Directions – In this exercise, return the whole listing exactly, excluding any images.

-- Data excerpt follows --

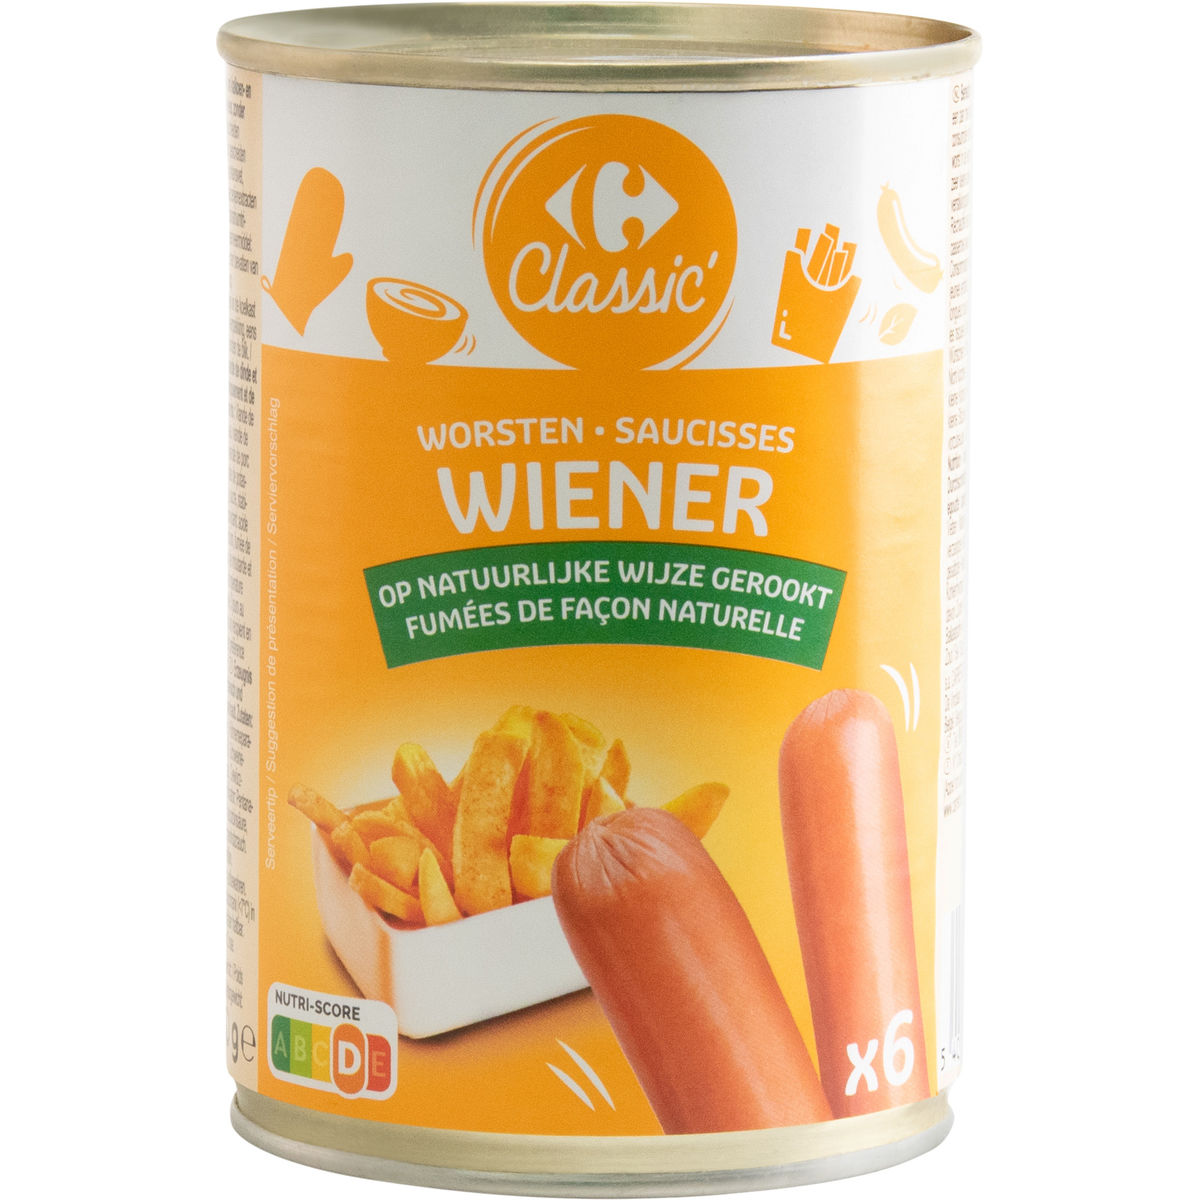 Carrefour Worsten Wiener 6 Stuks 410 g
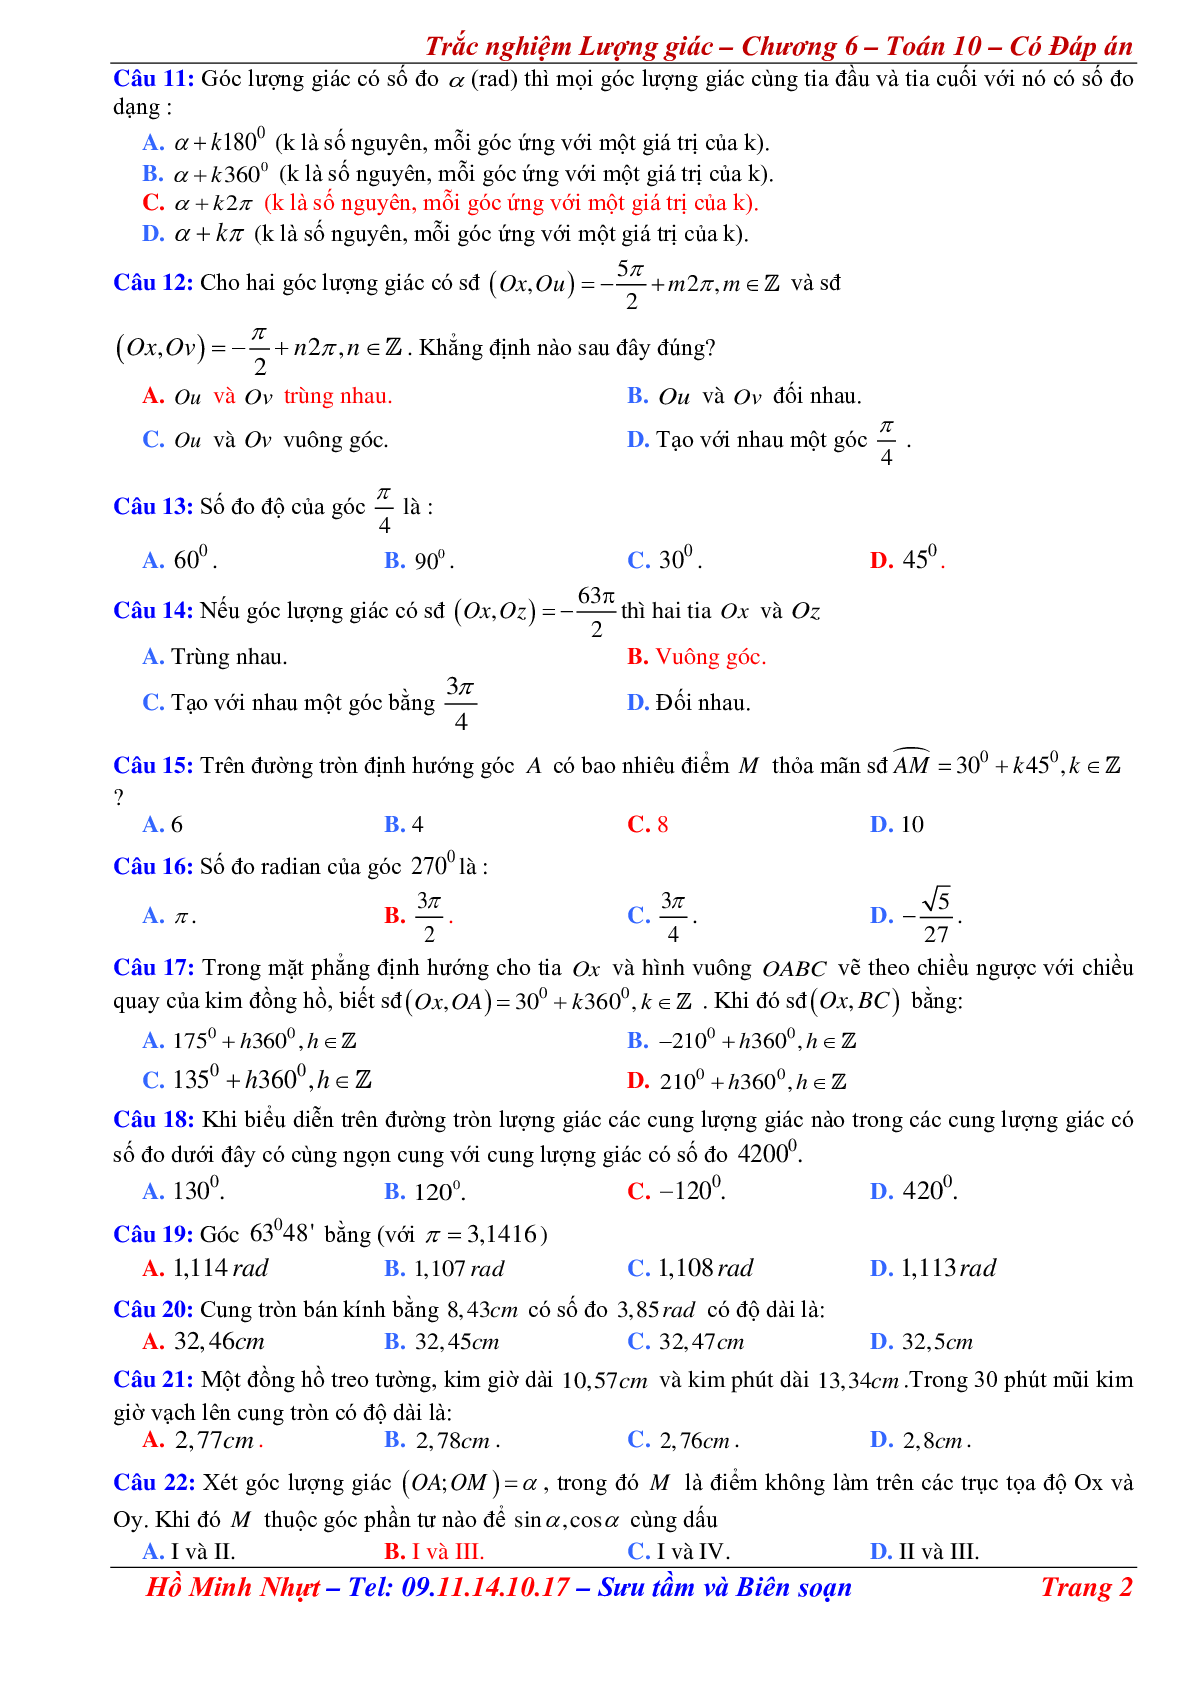 310 Bài tập trắc nghiệm công thức lượng giác có đáp án (trang 2)
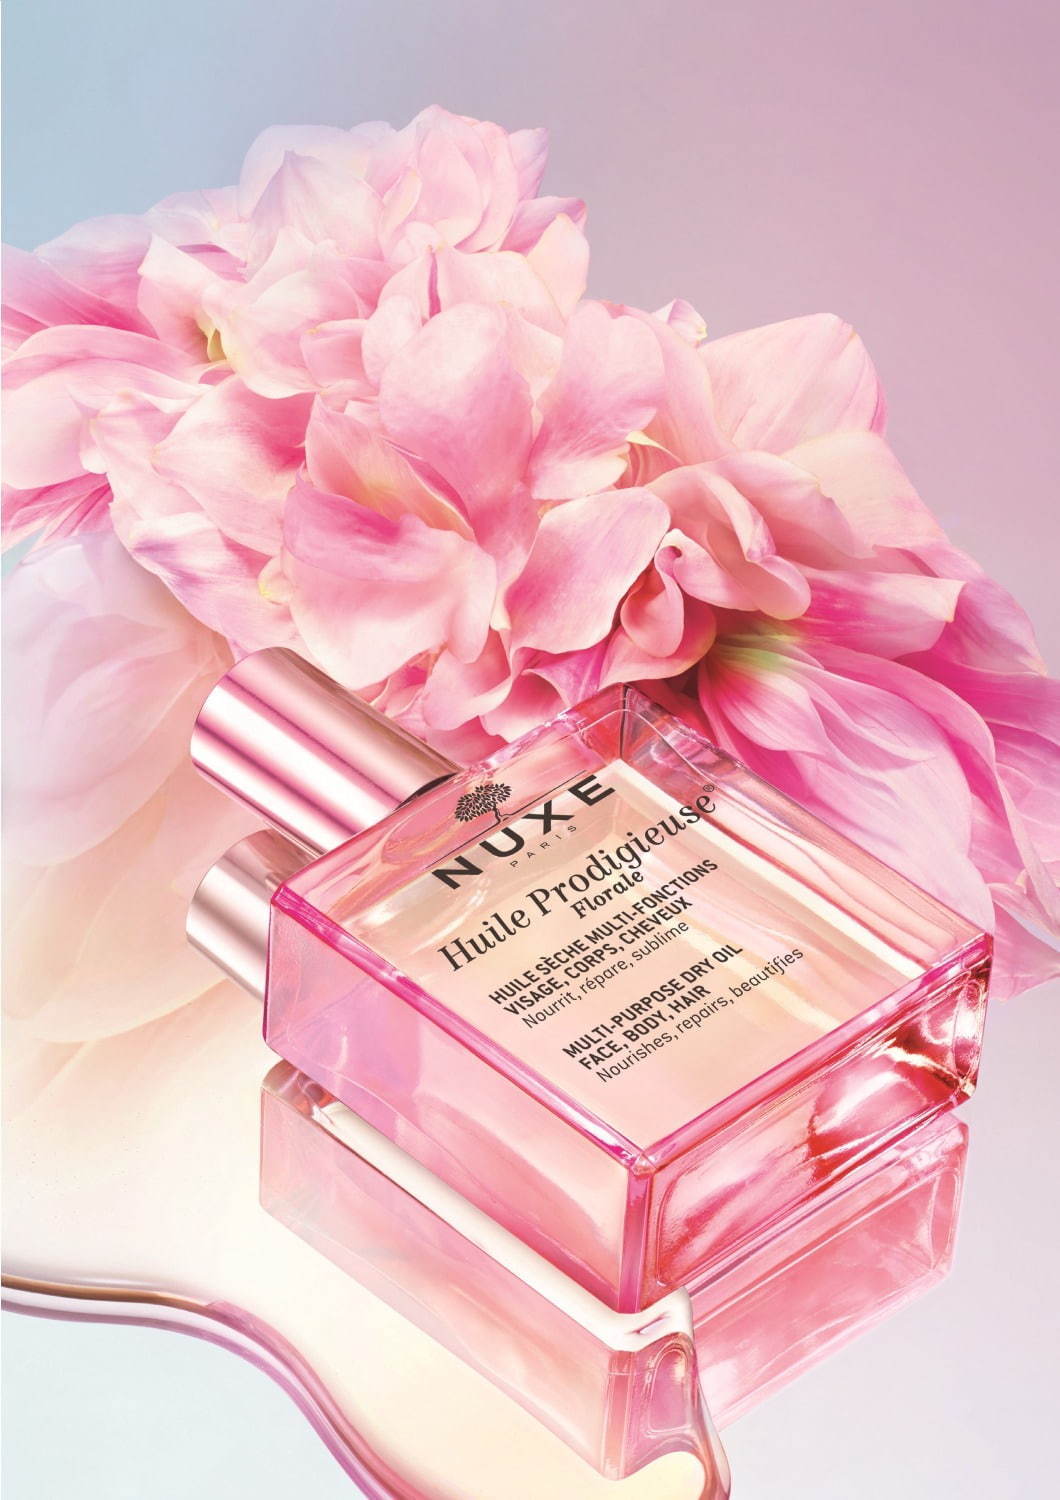 ニュクス“花々の香り”の美容オイル「プロディジュー フローラル オイル

-- Data excerpt concluded --

Task response –
 Carrefour Worsten Wiener 6 Stuks 410 g
 310 Bài tập trắc nghiệm công thức lượng giác có đáp án (trang 2)
 ニュクス“花々の香り”の美容オイル「プロディジュー フローラル オイル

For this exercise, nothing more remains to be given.